Segment Open
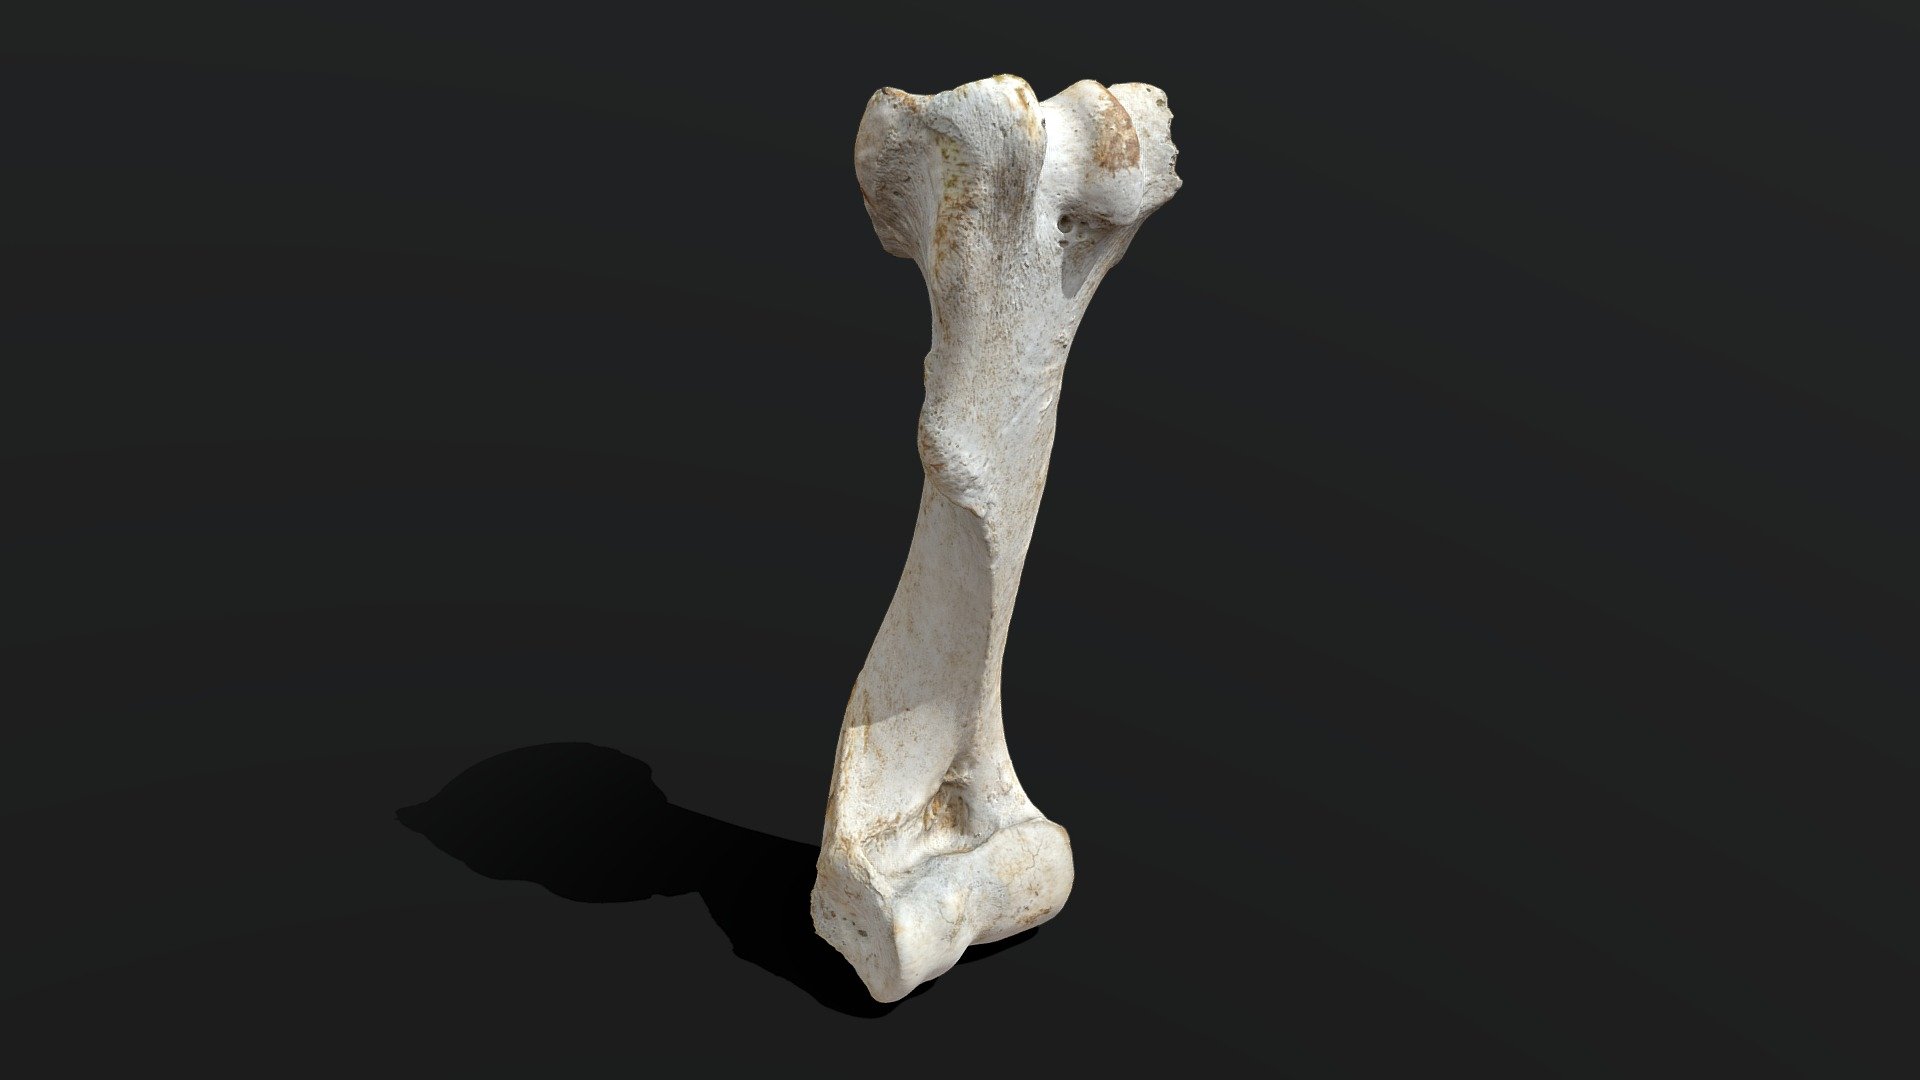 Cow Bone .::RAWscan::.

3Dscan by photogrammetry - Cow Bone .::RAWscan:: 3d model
Segment Closed
Segment Open
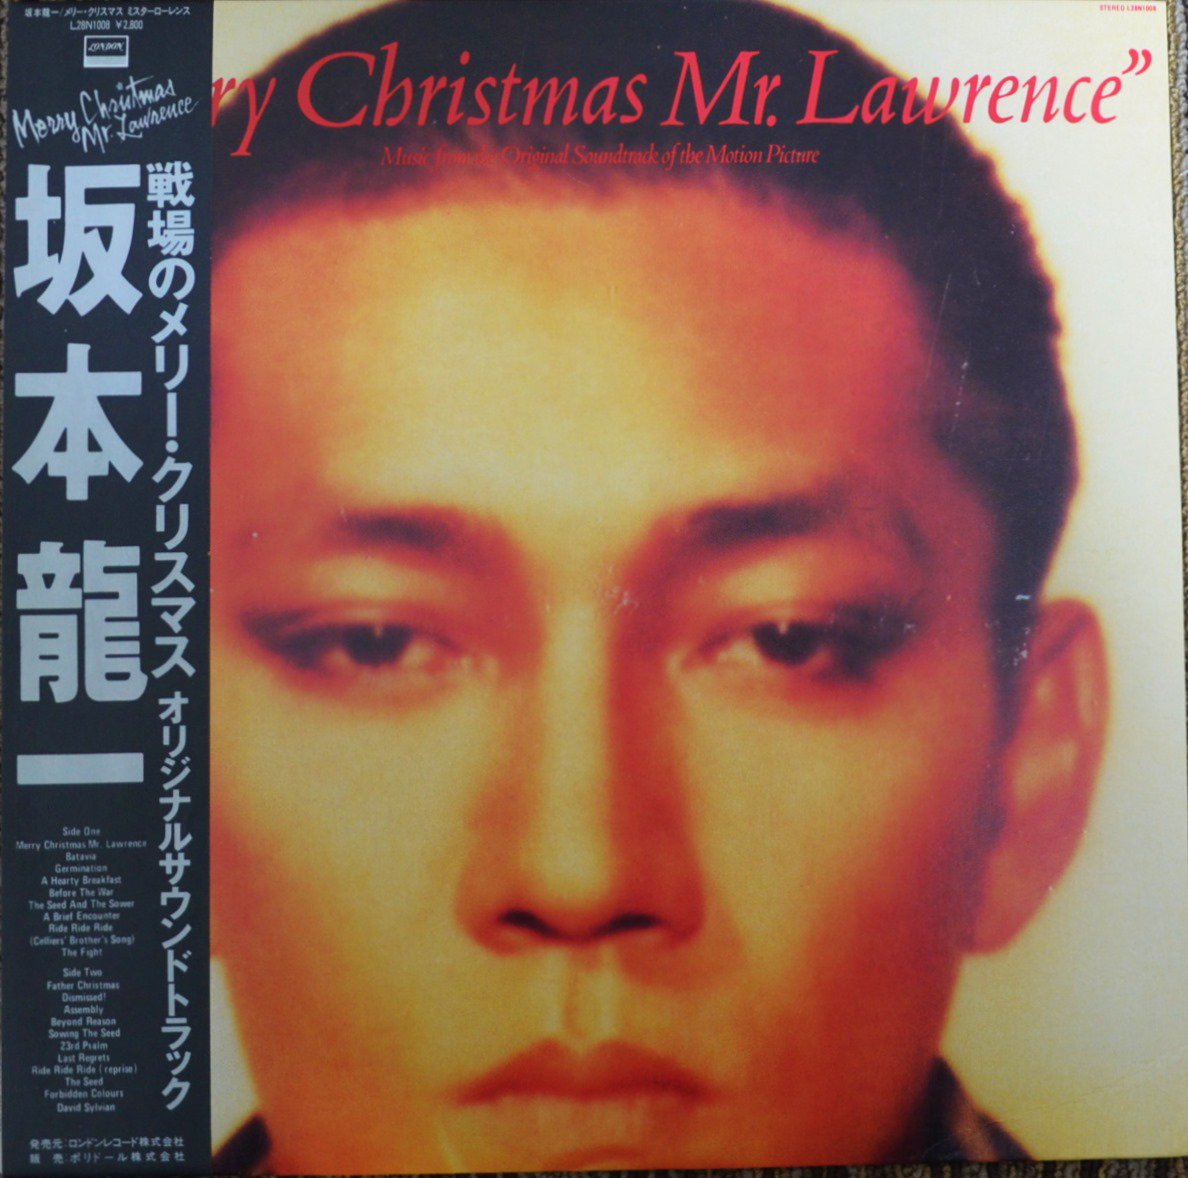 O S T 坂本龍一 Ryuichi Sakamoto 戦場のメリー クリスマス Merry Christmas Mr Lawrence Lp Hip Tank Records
Segment Closed
Using the data above, output the line that has "Cow Bone .::RAWscan::.", the line that has "3Dscan by photogrammetry", and whatever lines fall between, each exactly as it stands and without pictures.

 Cow Bone .::RAWscan::.

3Dscan by photogrammetry - Cow Bone .::RAWscan:: 3d model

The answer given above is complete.